By now, you have probably seen the news that the stock market is taking a dip. There is a lot of information coming at us fast as we watch to see what happens next. We are here to answer a few of your questions.

Why is this happening?

As she finished her term as the Fed Chairman on Friday, Janet Yellen made a comment that prices are on the high end of their historical ranges. She made a point to mention that this didn’t mean that they were overpriced necessarily, but just factually at the top of those ranges.

The market responded with sell-offs, leading to this dip. Either the investor independently believes that prices are too high or is concerned that the comment made by Yellen was right. Whichever the case, this dip does not eliminate the possibility of a positive year-end.

Is this bad?

Not necessarily. It cannot be understated that market corrections are a part of normal price volatility. They are a sign of a healthy market, doing what a healthy market should do.  

How do dips like this normally play out?

Our industry tends to look for patterns in market cycles.
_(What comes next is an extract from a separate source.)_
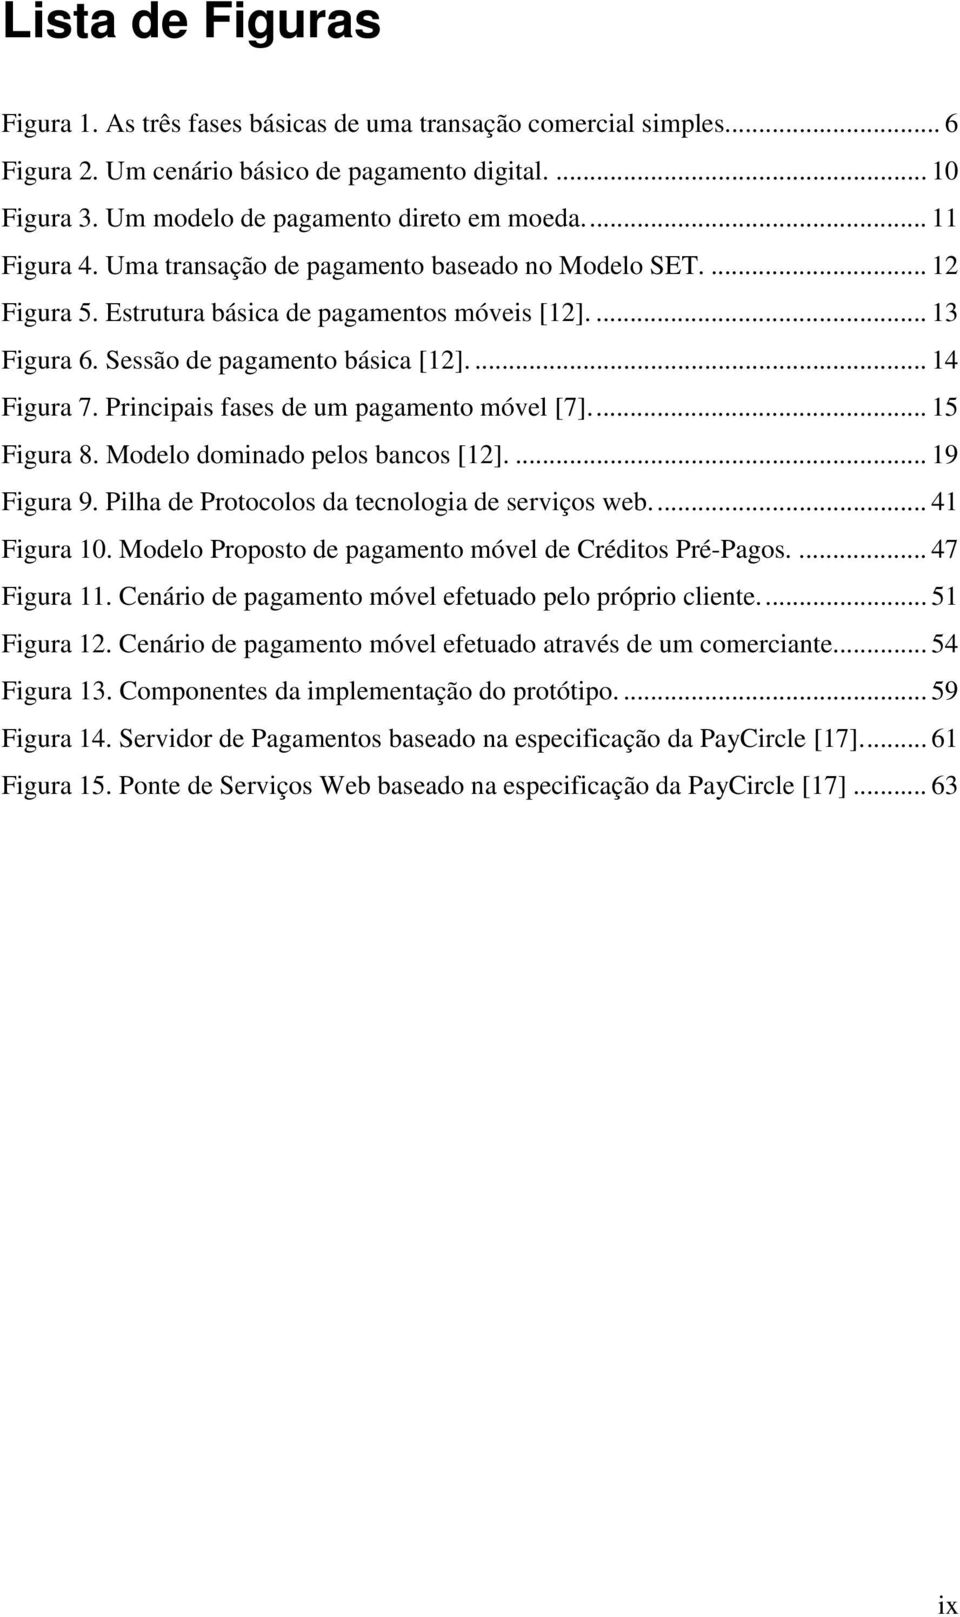 Principais fases de um pagamento móvel [7]... 15 Figura 8. Modelo dominado pelos bancos [12].... 19 Figura 9. Pilha de Protocolos da tecnologia de serviços web... 41 Figura 10.

We want to compare current environments with previous experiences. But history has proven that every correction plays out differently and every market cycle has unique characteristics. Market cycles are nearly impossible to forecast precisely.

What does it mean for me?

If you have a long-term investment strategy, short-term corrections like this are just noise, a blip on the screen. Our portfolios are designed to transition through these types of corrections safely and our investors are positioned to benefit from a healthy market over the long-term.

Should I be worried?

The short answer is probably not. But this is your money and your investment. And we know that comes with some emotions. Where you are financially invested, you are emotionally invested.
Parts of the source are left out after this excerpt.